Si l’on jette un regard en arrière, on peut dire sans exagération que le tourisme est très étroitement lié au développement du chemin de fer. Certes, avant l’apparition de ce moyen de transport moderne, beaucoup de personnes se sont déjà déplacées. Mais le voyage avait le plus souvent quelque chose d’aventureux ; par ailleurs, il était cher et prenait beaucoup de temps. Il était avant tout le fait de gens aisés. Il aura fallu attendre le chemin de fer, rapide, sûr et « bon marché », pour mettre le grand voyage à la portée de l’« homme de la rue ».

Le chemin de fer a droit en quelque sorte au titre de pionnier du tourisme. Il a puissamment développé le trafic et contribué du même coup à rétablissement d’une importante industrie touristique et, en particulier, d’une solide hôtellerie. La révolution qu’il a apportée dans les transports a deux origines : premièrement, la création progressive d’un réseau ferré s’étendant à tout le continent européen ; secondement, la propriété du chemin de fer de transporter la masse et, conséquemment, d’abaisser les tarifs...

Les chemins de fer européens s’efforcent par d’innombrables mesures d’attirer à eux une part aussi grande que possible du mouvement touristique. Leurs efforts sont grandement profitables au tourisme. Inversement, les mesures prises par les organisations touristiques pour favoriser le tourisme servent les chemins de fer. Il existe donc entre chemin de fer et tourisme de précieux échanges...

Dans la fixation de leurs tarifs comme dans la conception de leurs titres de transport, les chemins de fer tiennent compte de multiples manières des particularités du mouvement touristique et des déplacements de vacances. C’est d’autant plus nécessaire qu’il s’agit de voyages qu’il est possible de faire, qui ont, certes, la grande faveur du public, mais qui n’apparaissent pas au premier plan des besoins.

Les mesures tarifaires des chemins de fer sont d’abord prises en fonction des données du marché national ; elles varient donc fortement de pays à pays. Les chemins de fer français, par exemple, vendent le billet touristique, les chemins de fer britanniques le « Thrift-Rail-Coupon », et les entreprises de transport suisses le billet de vacances. Bien que les modalités d’achat soient différentes, tous ces titres de transport visent le même but : engager le touriste, par des conditions très avantageuses, à faire de son lieu de vacances des excursions et des voyages circulaires.

A part ces billets touristiques que les réseaux offrent pour leur propre compte, les chemins de fer d’Europe occidentale se sont unis pour mieux atteindre le marché extra-européen.
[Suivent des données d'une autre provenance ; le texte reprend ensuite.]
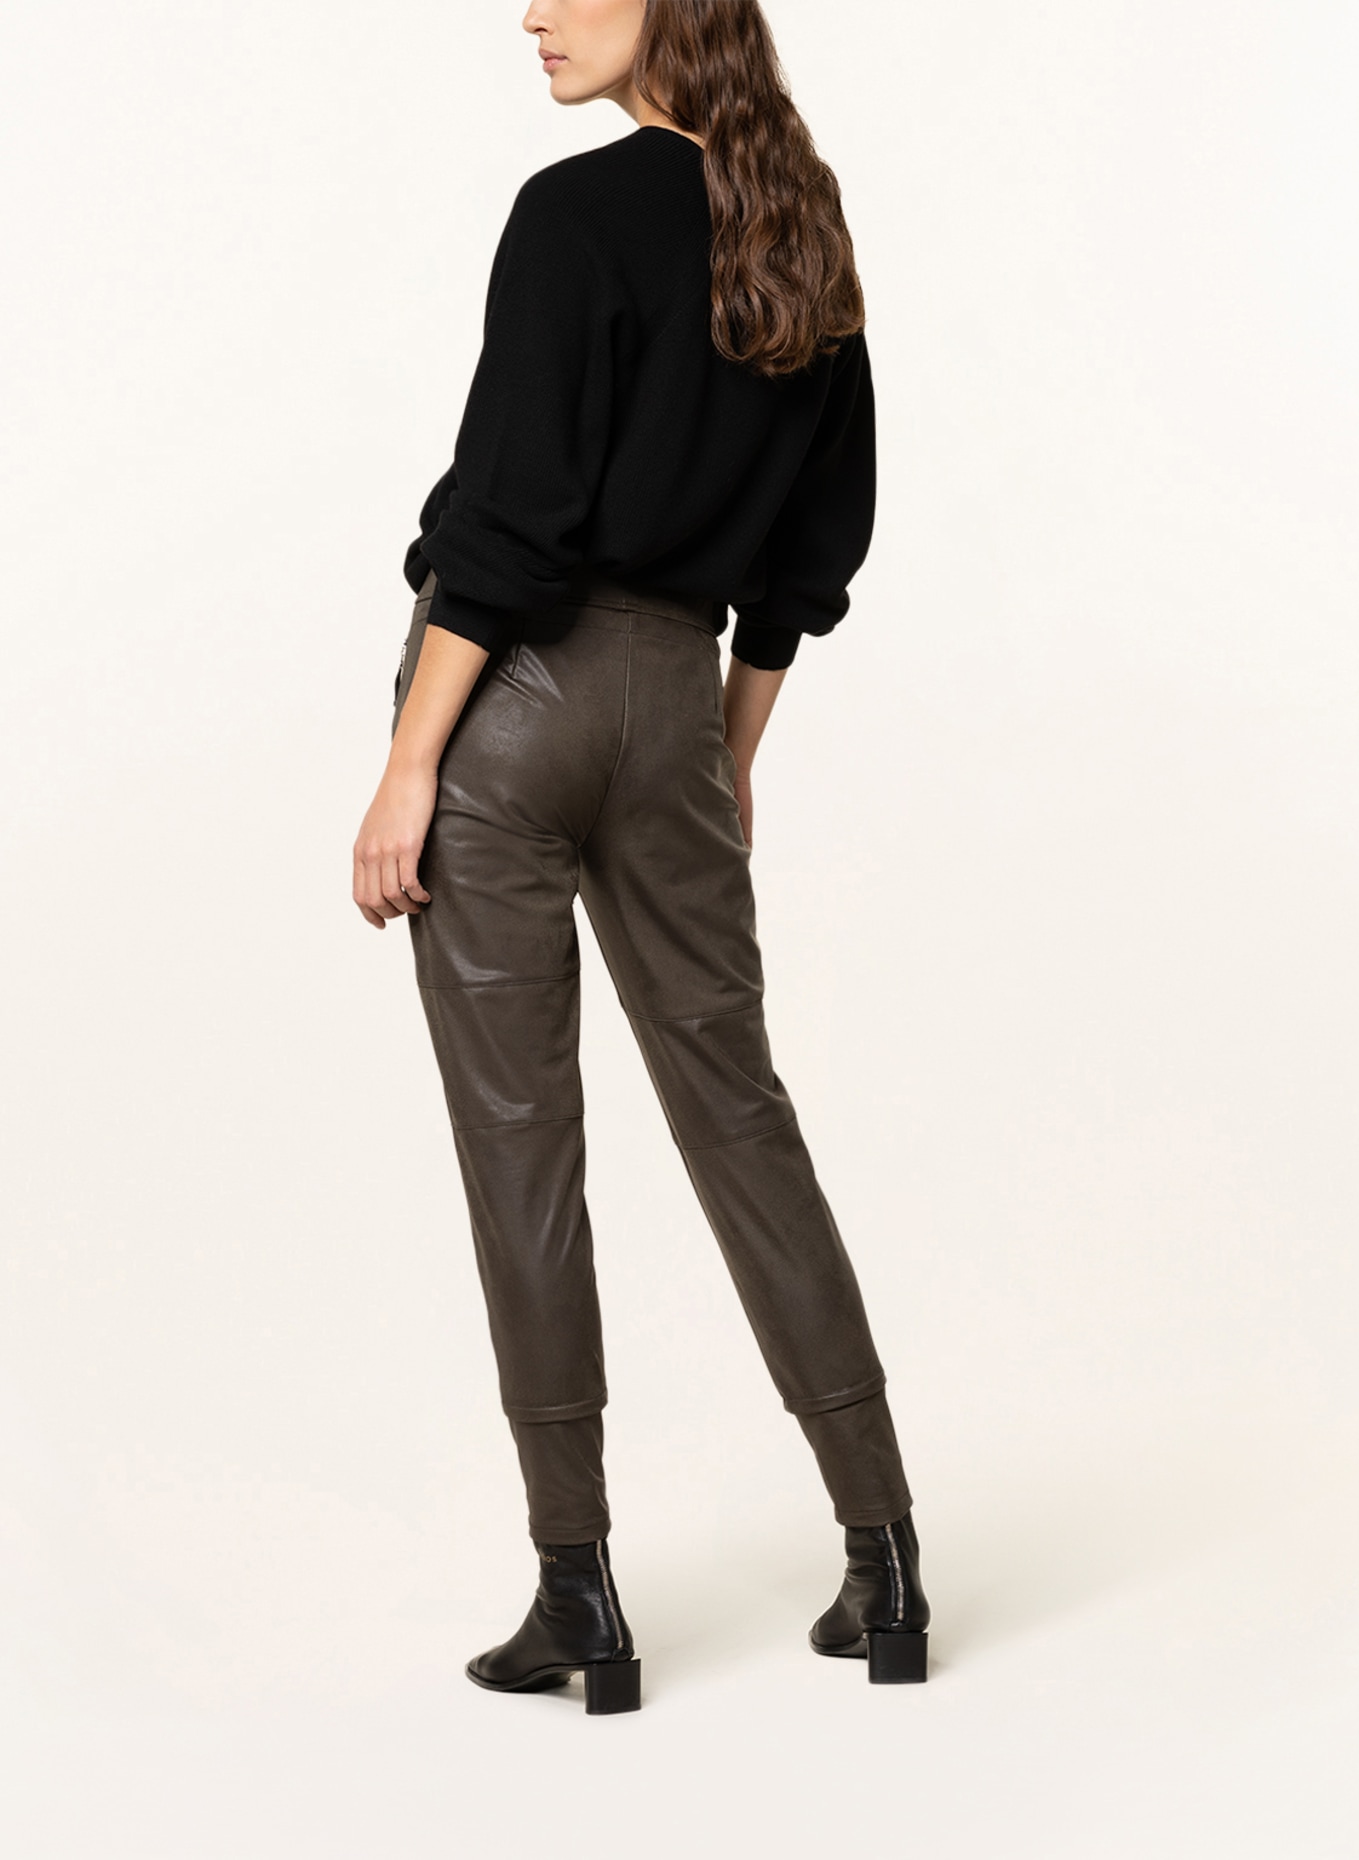 RAFFAELLO ROSSI Trousers CANDY in leather look, Color: KHAKI (Image 3)

Ce faisant, ils sont partis de l’idée que, dans d’importantes régions d’outre-mer, notamment en Amérique du Nord et du Sud, le chemin de fer ne jouait plus, tant s’en faut, le même grand rôle qu’en Europe pour les longs déplacements, et qu’il était assez difficile de vendre du voyage ferroviaire sur notre continent à un public orienté vers la route et l’avion.

C’est en 1959 que les chemins de fer européens ont décidé de lancer sur le marché américain un « Eurail-pass ». une sorte d’abonnement général européen valable sur treize réseaux ferrés d’Europe occidentale. La conception de ce titre de transport repose moins sur la réduction de taxe que sur la simplicité et sur la liberté de mouvement à offrir à son porteur. Disons en passant que tous les suppléments et taxes de location de places sont compris dans le montant du billet. Vendu uniquement en Amérique, celui-ci a connu d’emblée le succès.

Stimulés par ce bon résultat, les chemins de fer participant à la vente de l’« Eurailpass » ont créé par la suite l’« Eurailgroup-tariff » et l’« Eurailtariff ». Ces deux tarifs, précieux instruments de vente, ont le mérite de faciliter sensiblement le travail des bureaux de voyage américains ; ils contiennent un choix des parcours ferroviaires les plus demandés en Europe par les touristes d’outre-mer et suscitent aussi un vif intérêt.

Alors qu’en Europe, les voyages à longue distance étaient du strict domaine du chemin de fer, un très grand nombre de trains directs internationaux sillonnaient tout le continent. L’essor fantastique des transports aériens mit un terme à cette prédominance ferroviaire. Les chemins de fer furent amenés à s’adapter à la situation nouvelle. Adieu les trains, occupés en majorité de touristes, qui accomplissaient de deux à trois mille kilomètres ! De grands noms de train, comme le « Simplon-Orient-Express ». ont disparu des indicateurs.

Depuis la seconde guerre mondiale, les chemins de fer européens ont voué une attention particulière aux transports à moyenne distance. L’innovation la plus frappante en même temps que la mieux accueillie aura été le Trans-Europ-Express. qu’apprécient à un même degré les hommes d’affaires et les touristes les plus exigeants. Ces trains sont devenus le symbole du confort ferroviaire.

Les trains spéciaux de touristes, d’étudiants et de pèlerins constituent aussi un apport du chemin de fer au tourisme. Grâce à ses propriétés de transporteur en masse, le chemin de fer se prête particulièrement à ce genre de trafic. Les taxes favorables qu’il est en mesure d’offrir aux organisateurs de tels voyages sont un moyen d’amener au tourisme de vastes couches de population qui, autrement, devraient renoncer à de grands voyages de vacances.

Les chemins de fer européens se sont taillés un grand succès en lançant les trains-autos-couchettes. Ces trains de nuit permettent au voyageur de se déplacer confortablement en voiture-lits ou en voiture-couchettes jusqu’à un centre éloigné et, frais et dispos, de trouver au débarquer sa propre voiture automobile, qui l’aura suivi sur un wagon spécial... Les réseaux ferrés ne négligent rien pour s’adapter à des exigences sans cesse changeantes. Grâce à des offres différenciées, ils sont en mesure de répondre convenablement à un trafic hétérogène. Les Trans-Europ-Express, qui assurent à l’année des communications entre les grands centres à fort trafic régulier et les trains spéciaux d’agences, qui sont des trains nettement touristiques de haute saison, sont les deux supports d’un large éventail de possibilités, où l’on trouve les trains directs traditionnels, lesquels sont aptes à satisfaire les besoins les plus divers allant de la place « assis » à la place « couché » (wagons-lits et wagons-couchettes). De réelles possibilités de collaboration existent. C’est en les utilisant que chemin de fer et tourisme rempliront au mieux leur mission.